IT budget increase impacts most agencies
The fiscal 2008 IT budget request is more similar to the administration’s plan for 2006 than this year’s. In a sense, the Office of Management and Budget has gone back to the future.
Instead of the IT increases centering around the war on terror or homeland security, a majority of the agencies could see their IT budget increase — some quite substantially — to meet the administration’s and the Democratic controlled Congress’ priorities. The uptick is what many experts expected to happen all along, instead of seeing a request of less than 1 percent increase from 2006 to 2007.
Of the top 27 largest agencies, 17 would receive more IT money in 2008 than what the administration requested in 2007. The 2007 actual budget numbers are not available, since agencies still are working under a continuing resolution.

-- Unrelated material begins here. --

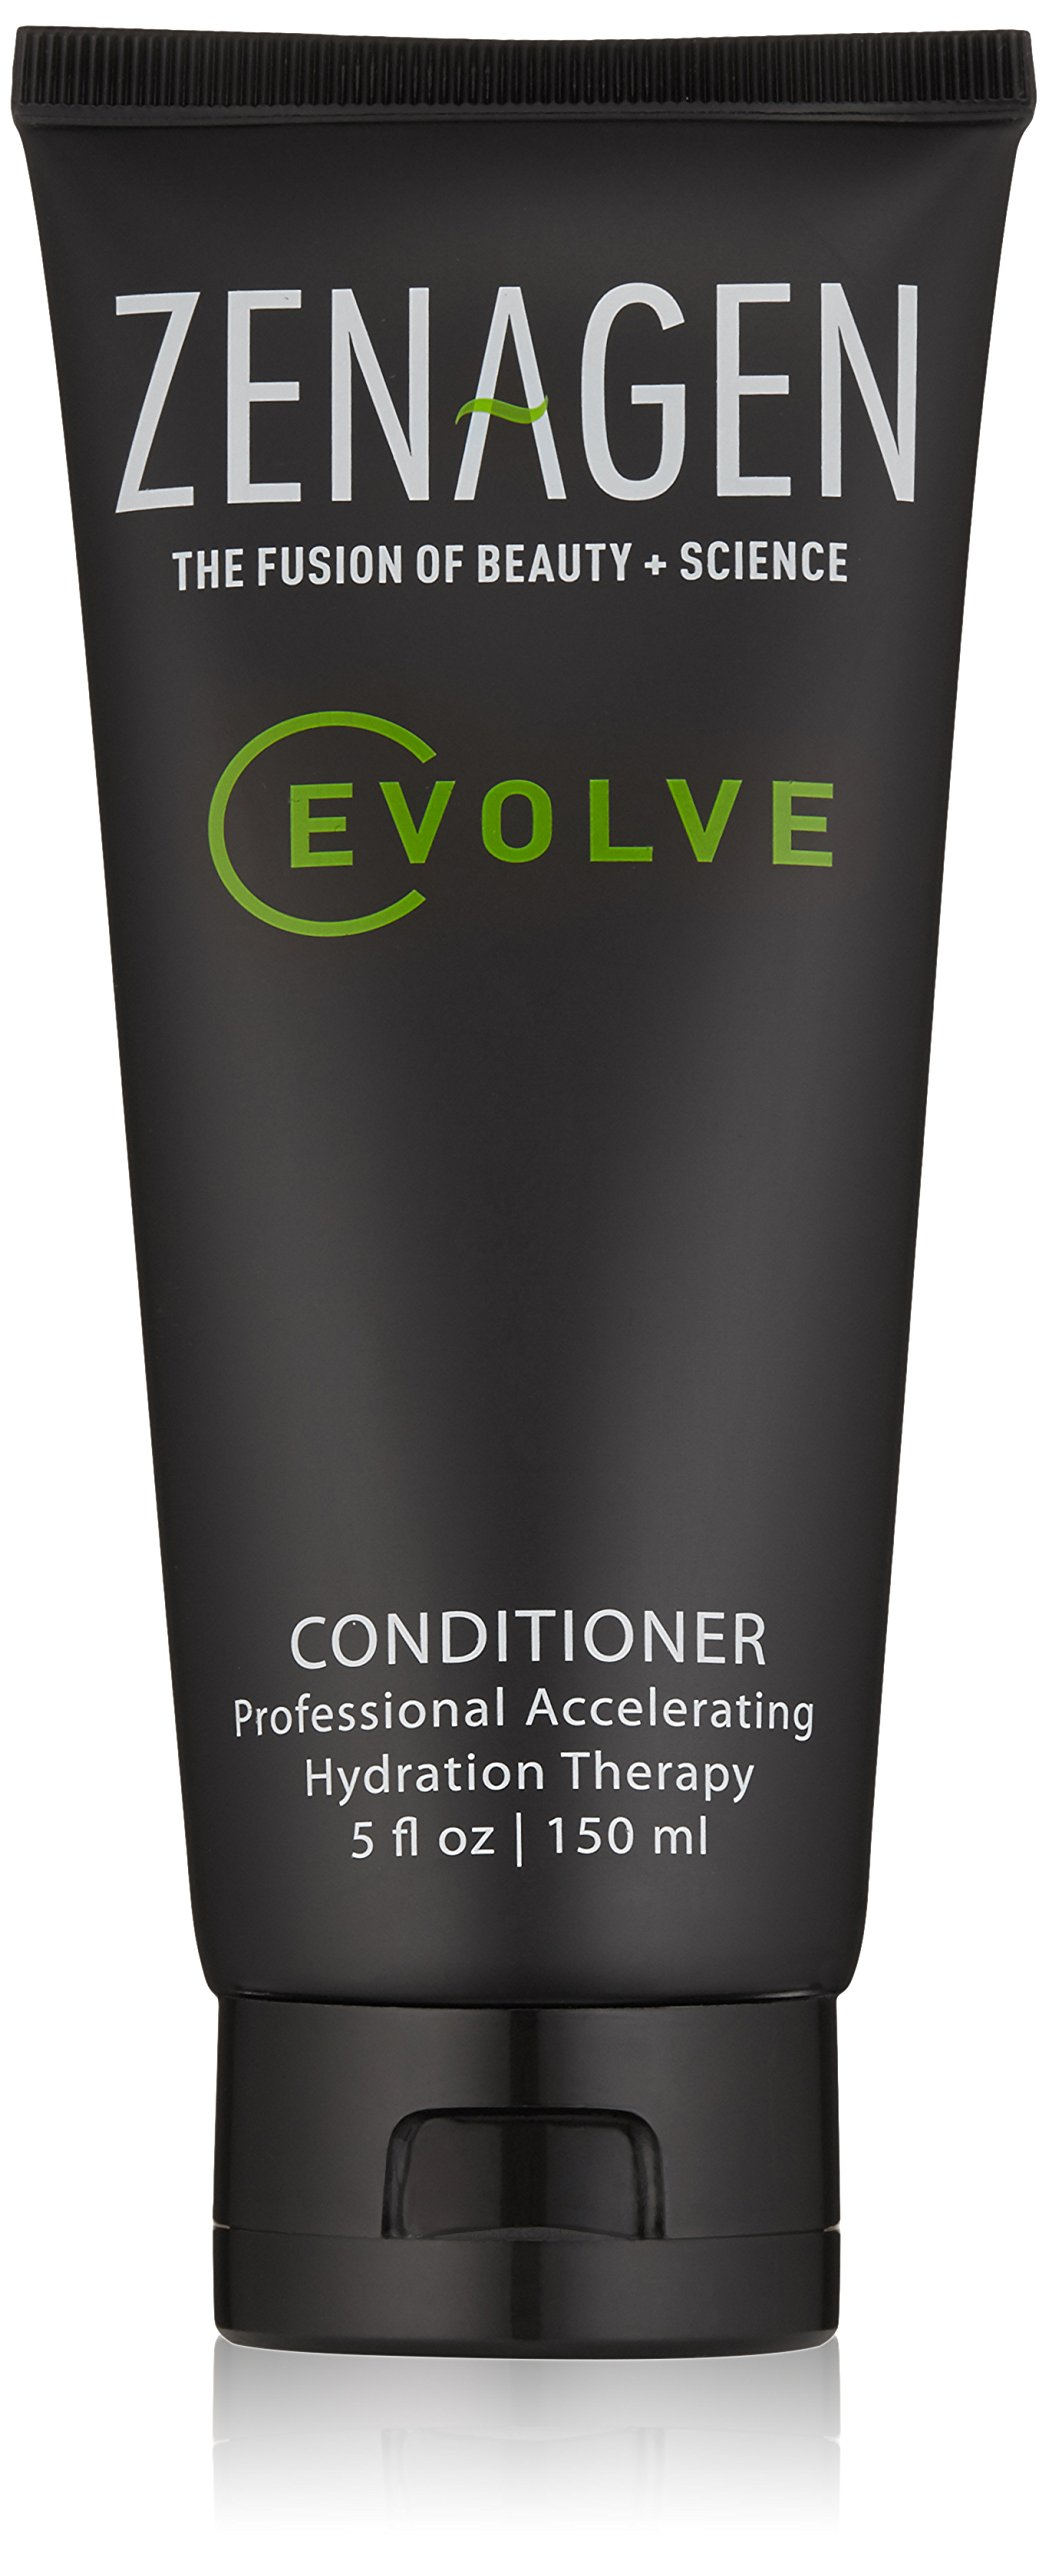 Zenagen Evolve Professional Accelerating Conditioner, 5 oz.

The biggest winners, by percentage, could include the Small Business Administration, which could see a 75 percent increase over 2007; the Nuclear Regulatory Commission, which could see a 45.5 percent uptick; and the Education Department, which the administration slated to receive 37 percent more next year.
In all, OMB asked Congress for a 2.6 percent increase to $65.4 billion in 2008 from the $63.8 billion request for this year.

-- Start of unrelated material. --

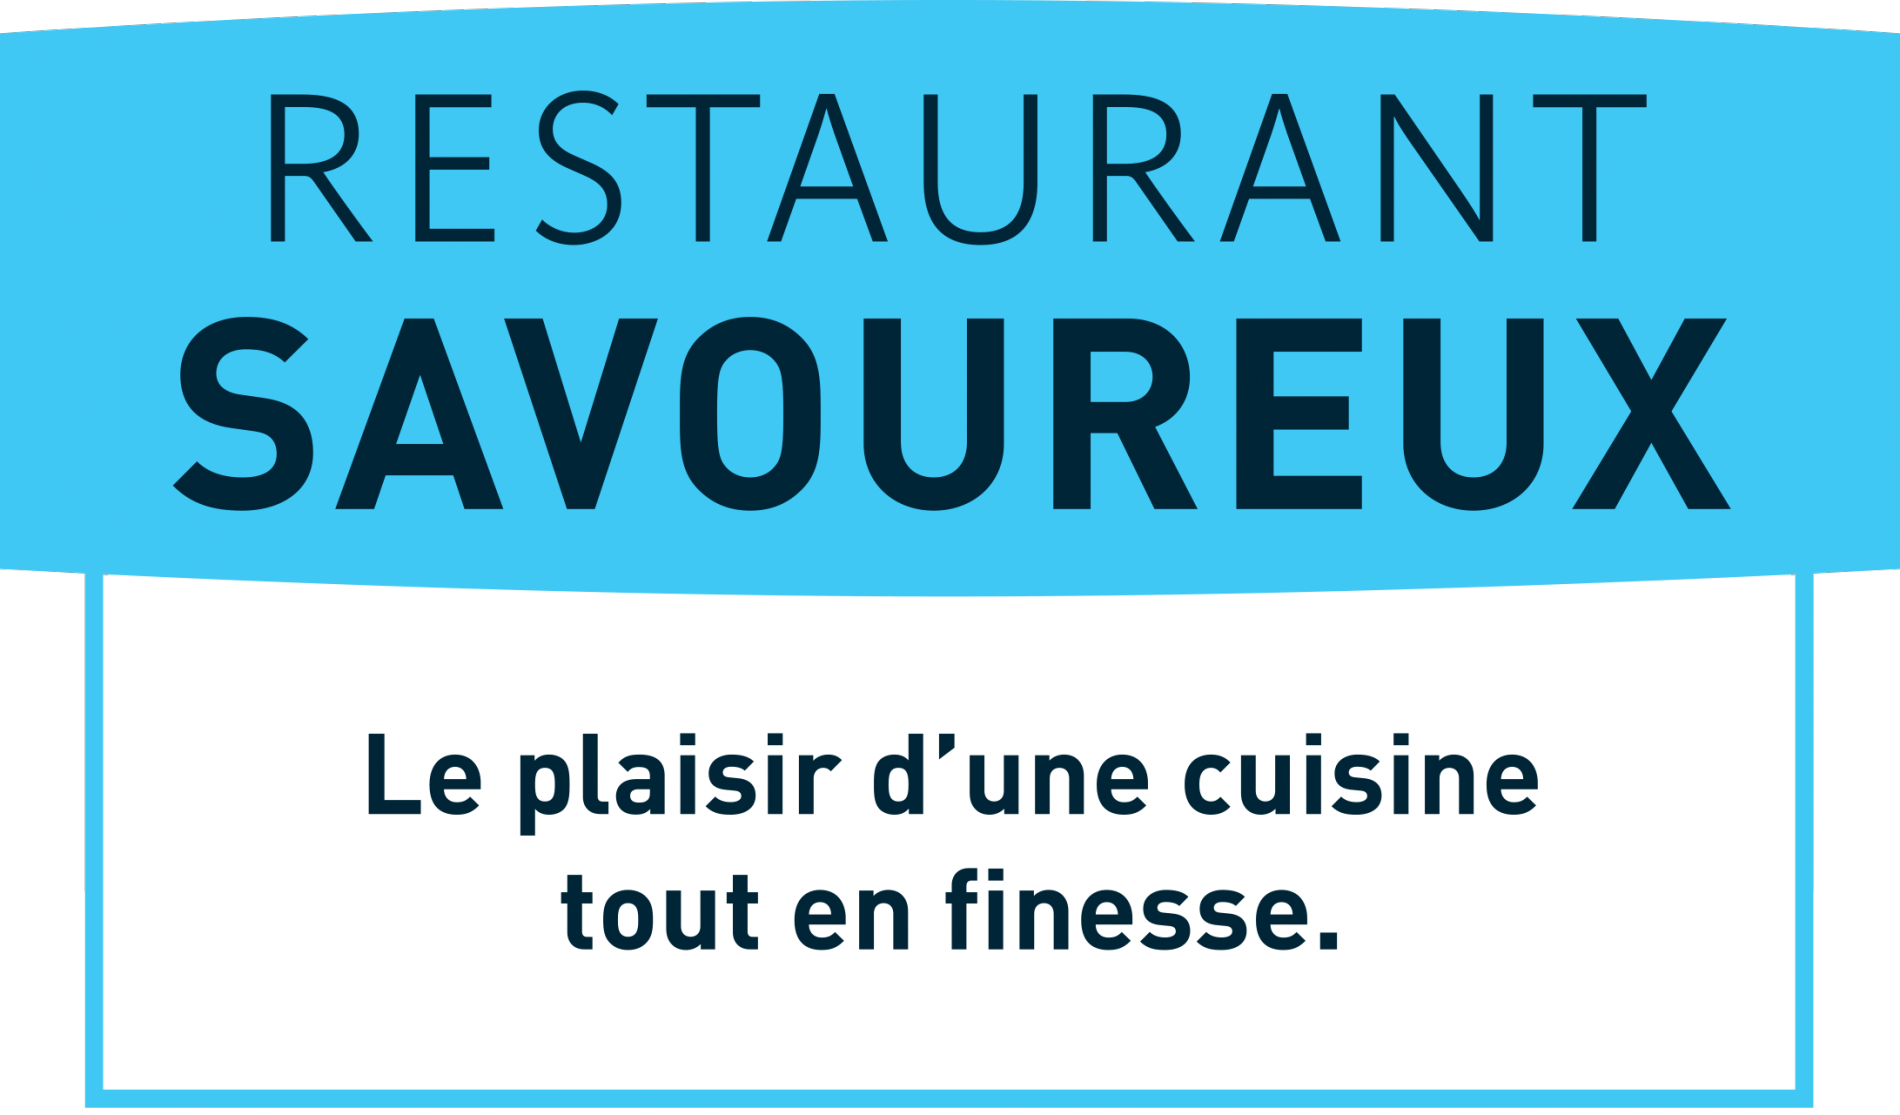 https://www.logishotels.com/fr/hotel/logis-hotel-le-cheval-blanc-7786

Karen Evans, OMB’s administrator for e-government and IT, today said increases centered on what President Bush wants to focus on over the next two years.
“NRC’s increase, for instance, supports the president’s priorities to find alternative energy sources,” Evans said during a briefing with reporters in Washington. “Treasury is up because we have to have better systems for collecting taxes, but also because of the work they do in the war on terror financing.”
The Defense Department also would see a decent increase of 2.1 percent to $31.3 billion. Last year, DOD’s request was down by 3 percent, or almost $1 billion.
And for those agencies that didn’t see increases, Evans said the success of the move to consolidate systems and share common, governmentwide applications is evident.
One example Evans pointed to was the Agency for International Development, which could see the largest decrease to $89 million from $134 million in 2008.
“A lot of AID’s activities are being consolidated with State [Department],” she said.
One of the biggest surprises is the Homeland Security Department’s IT budget, which would drop by $44 million or 1.1 percent in 2008. This comes after DHS has seen increased requests of almost 25 percent in 2006 and 48 percent in 2007 budget submissions.
Agency spending on new projects and those that already exist also would remain flat in 2008. While OMB did not provide specific numbers because the 2007 budget situation still is in flux, Evans said it estimated that spending on steady-state IT projects would account for about 34 percent of the budget—a 1 percent drop from 2007 request. The spending to develop, modernize or enhance IT projects would remain at 39 percent, while agency budgets for mission critical applications would not increase from the 36 percent for 2007.
For the first time, OMB also provided details of how many systems have been shut down and replaced by cross agency e-government projects. Between the fourth quarter of 2005 and the first quarter of 2007, OMB said, 44 agency systems were terminated, including 16 e-payroll systems and 23 acquisition systems.